For a thorough sample of what’s included in the ACS, look at the demographic profile tables for social (DP02), economic (DP03), housing (DP04), and demographic (DP05) variables.

Use the ACS when:

  • You need detailed socio-economic indicators about the population
  • You need the most recent data for these indicators
  • You’re not working with data below the census tract level
  • You can live with the margins of error associated with the estimates
  • Use the 1-year averages when you are looking at just large places with more than 65k people and large population groups
  • Use 5-year averages to study all areas of a given type, small areas and population groups, and to reduce the size of the margin of error for larger areas and groups

Population Estimates Program (PEP)

Population Estimates Program

The Population Estimates Program (PEP) is used to create basic, annual estimates of the US population for large areas. Using the latest DEC as a starting point, the Bureau takes data on births, deaths, and domestic and international migration to estimate what the population is the following year, and then creates a new estimate each year on July 1st. The estimates are created at the county level, and are rolled up to states and metropolitan areas and disaggregated down to census places (cities and towns). Once a new DEC is taken, the Bureau will go back to the previous decade and issue a set of revised estimates to approximate what actually happened.

Besides the total population, estimates are created for age, gender, race, and housing units. The PEP is also a source for the components of population change for each place (births, deaths, migration), which the Census Bureau compiles from other sources. Since this is a much smaller dataset compared to the DEC or ACS, PEP data can be downloaded in pre-compiled spreadsheets directly from the PEP website, in addition to the American Factfinder and APIs.

Use the PEP when:

  • You just need basic demographic variables for large geographic areas
  • You’re interested in annual population change
  • You want a simple dataset to work with
  • You’re interested in the components of population change

Current Population Survey (CPS)

Bureau of Labor Statistics

The Current Population Survey (CPS) is a monthly survey of 60,000 households that’s sponsored by the Census Bureau and the Bureau of Labor Statistics (BLS). It’s designed to provide national estimates for a variety of demographic and labor force indicators on a regular basis. The same household is: interviewed for 4 consecutive months, not interviewed again for 8 months, interviewed again for 4 consecutive months, and then is removed from the survey.
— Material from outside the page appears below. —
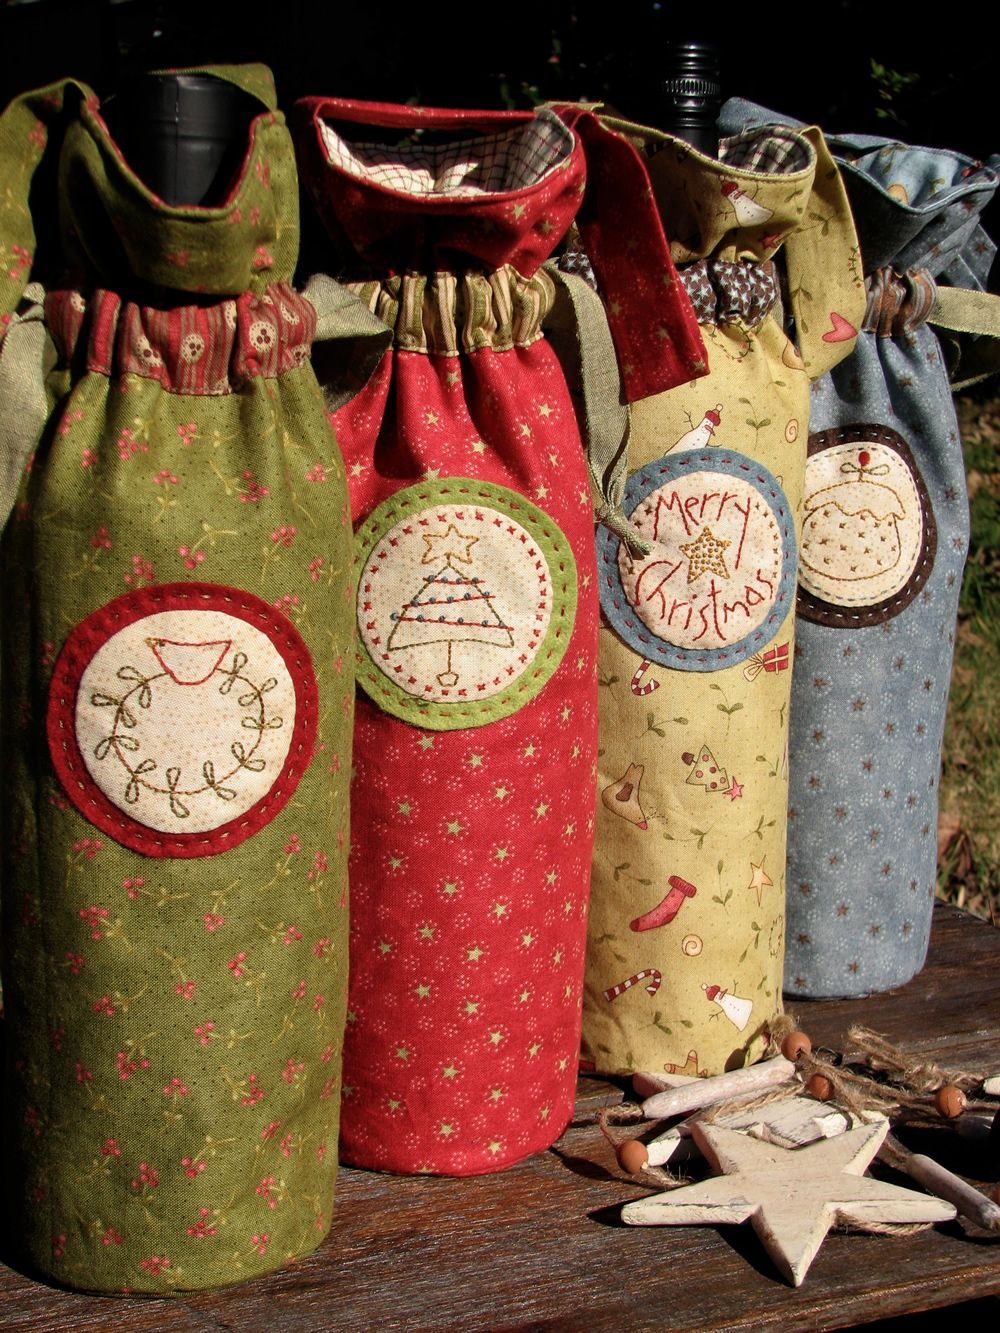 6a00e008c5cdce883401676894b5a4970b Pi 1 000 1 333 Pixels Wine Bottle Gift Bag Bottle Crafts Crafts

Some questions like employment and unemployment are asked repeatedly each month, other questions are asked only during certain months at regular intervals (for example, every two years in November a question is asked about voter registration and participation), and other questions are special topics that are asked on a one-time or limited basis.

Some of the most important indicators are tabulated and published as annual estimates directly on the CPS website, while many of the labor force statistics are published monthly or annually on the BLS website. Given the small sample size of the CPS relative to the ACS, it’s more common that researchers will manipulate the raw CPS data (the individual responses) to create their own estimates and cross-tabulations. The CPS website has some tools for doing this, and IPUMS USA is a popular tool as well.

Given the size of the sample, CPS estimates tabulated by the Census or BLS are published at a national or regional level, and in limited cases at the state level. Aggregated, summarized data is published with margins of error at a 90% confidence interval.

Use the CPS when:

  • You need monthly or annual, detailed demographic or labor force data for the entire country or for large regions
  • You’re looking for special topic data that’s not published in any other dataset
  • You’re comfortable working with microdata if the data you’re looking for has not been aggregated or summarized

Business Patterns and Economic Census

Economic Census

The previous four sources provide data on population and housing units. If you’re looking for data on businesses, here are the two most common options.

The County and ZIP Code Business Patterns provides annual counts of the number of businesses for states, metropolitan areas, counties, and ZIP Codes that includes the number of employees, establishments, and wages. It also provides counts of establishments classified by the North American Industrial Classification System (NAICS). You can look at broad (i.e. manufacturing, retail, finance & insurance) or narrow (auto parts manufacturers, department stores, commercial banks) NAICS summaries. If a particular area has fewer than 3 businesses of a specific type the data isn’t disclosed for confidentiality reasons. The data is generated from the Business Register, which is a government master file of businesses that’s updated on an on-going basis from several sources.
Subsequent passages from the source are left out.